CD Review: Blues Guitar Women
Published November 24, 2005
Beverly "Guitar" Watkins makes political noise with her "Baghdad Blues" which naturally enough talks about the current war situation and the circumstances leading up to it. "Nothings Changed" sung by Gaye Adegbalola and backed by Rory Block's slide guitar continue the work Gaye started during the period of racial segregation in Virginia. Still encouraging people to stand up for themselves and fight for social justice.
The traditional disc contains some very special tracks that have been preserved through the dedication of archivists and blues enthusiasts in North America. Women like Geeshie Wiley, Elvie Thomas, Battie Delaney, Algie Mae Hinton and Etta Baker of the first generation of blues women; some of who hardly recorded at all, are all represented. These women still continue to play their guitars, although some are in their nineties, and represent a vital link in the chain of American music.

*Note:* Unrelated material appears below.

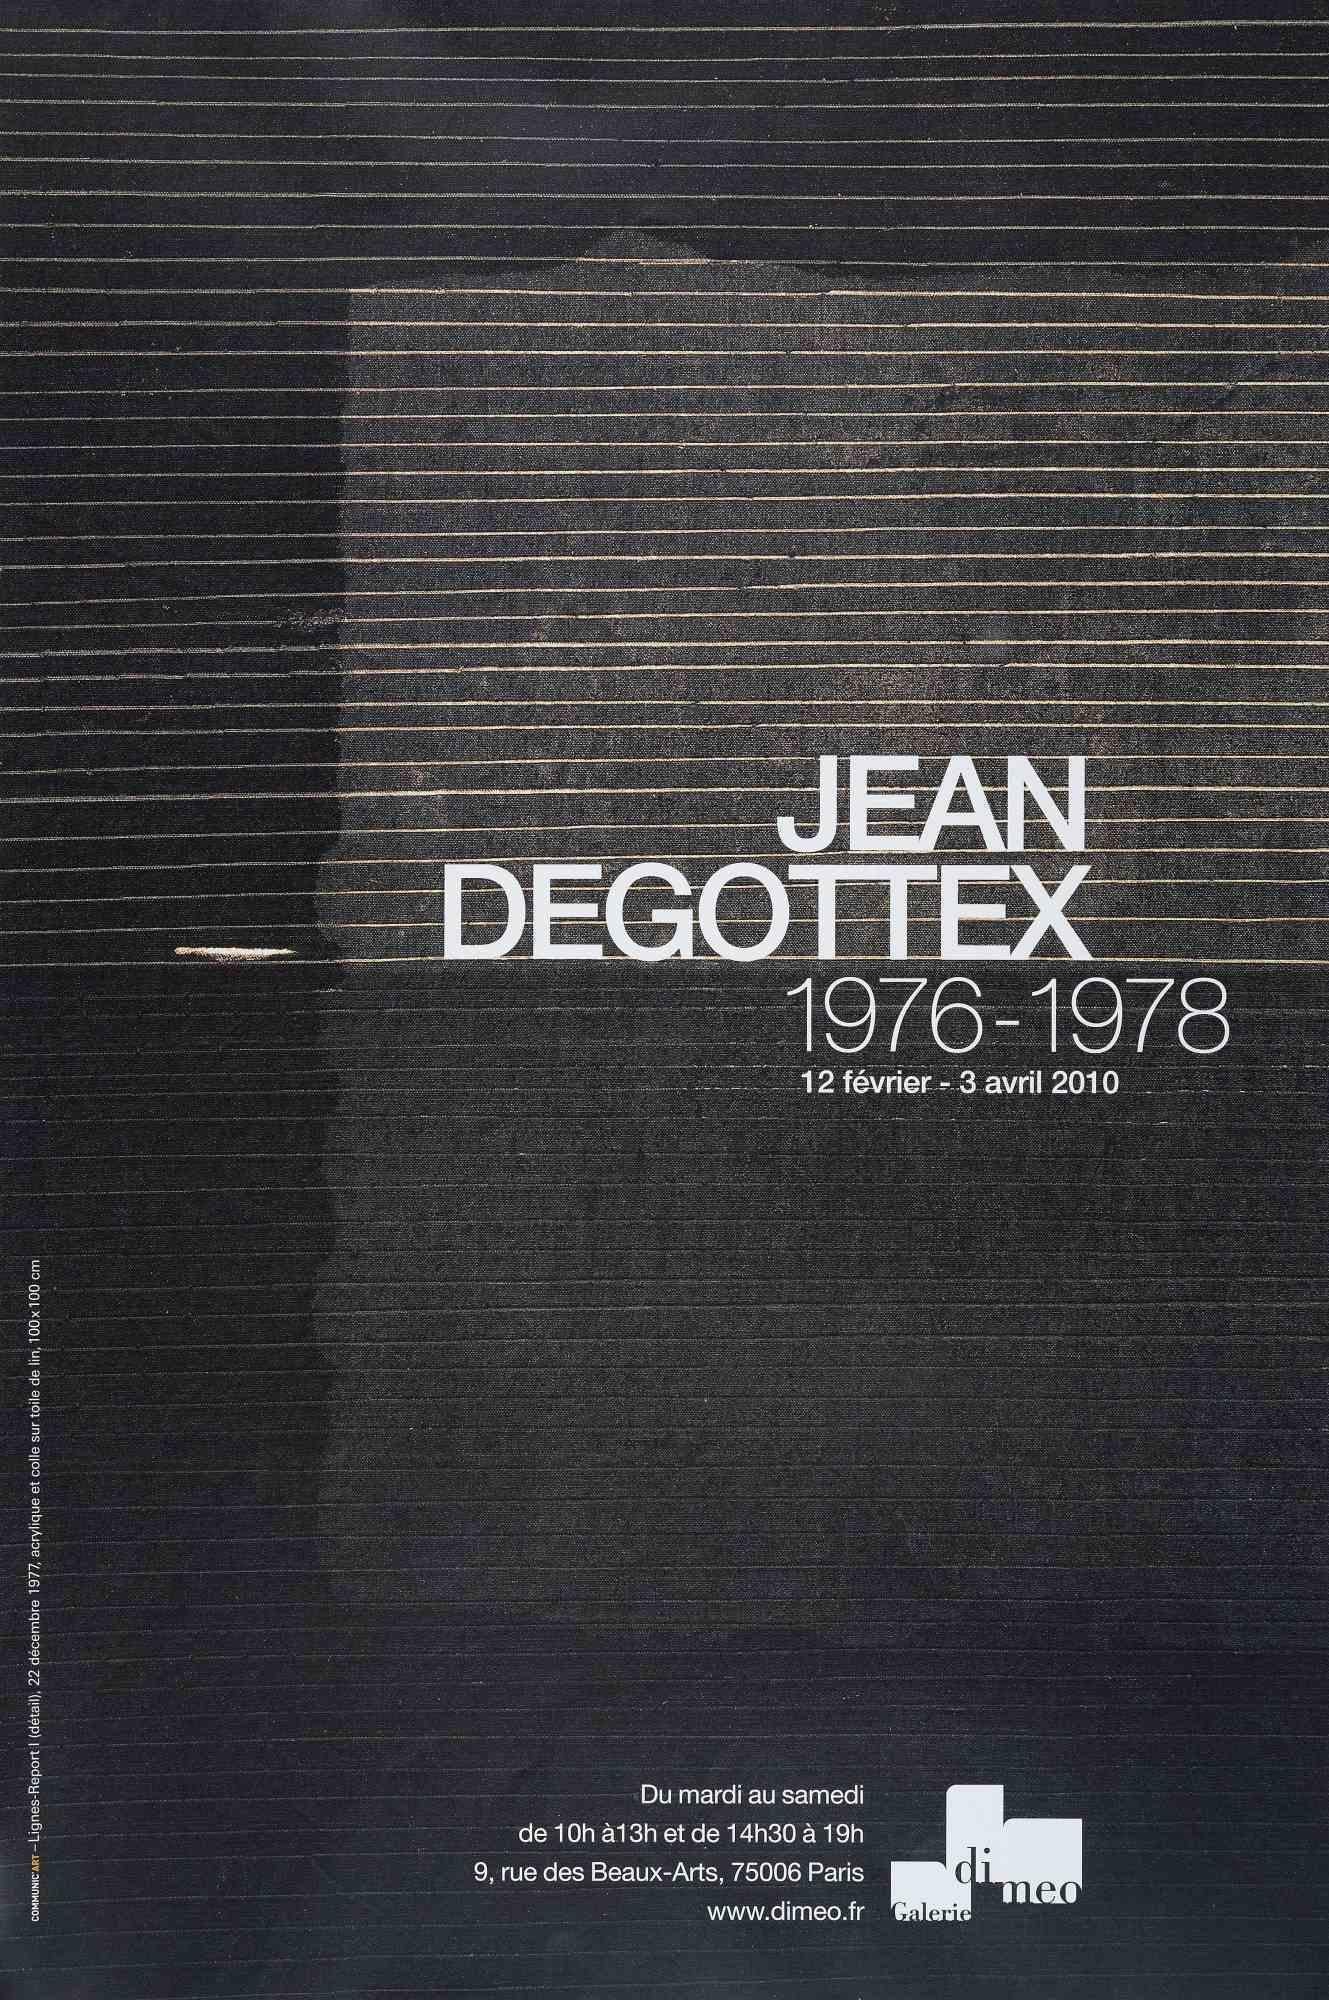 Jean Degottex, Vintage Poster Exhibition is an offset print realized in the occasion of the exhibition held in Meo Gallery in 2010.

Good conditions.

It is their music and their efforts that broke the ground for people like Eve Monsees from Austin Texas who in her early twenties is just beginning her blues career. It's sad to think of all the other women who have played and sang the blues whose music was allowed to pass out of existence with them, but Blues Guitar Women pulls some of these names from the ashes of obscurity.
Sue Foley, who helped compile this collection along with Thomas Ruf, also put together the liner notes and bios for as many of the artists represented on these discs as possible. The notes are informative and informal, written by a blues lady with an obvious passion for and knowledge of her subject. The information presented here is just the forerunner to a book and documentary movie she is preparing called Guitar Women
I don't know how intentional this was, but in almost every one of the artist's pictures included, the woman is shown with her truest companion, her guitar. Propped in the background, cradled in her arms, or hung from around her neck, none of them look like they want to be parted from their friends for very long.
I don't buy albums or anything because it's the correct thing to do; you can't do that with the arts or you kill them. The same goes for recommending something. Don't buy Blues Guitar Women for its title, buy it because it has amazing music on it. Show these woman some respect, appreciate and dislike their music in the same manner you would their male contemporaries. With your eyes closed a slide guitar run sounds the same whoever's plugged into the amplifier and tapped into the world's soul.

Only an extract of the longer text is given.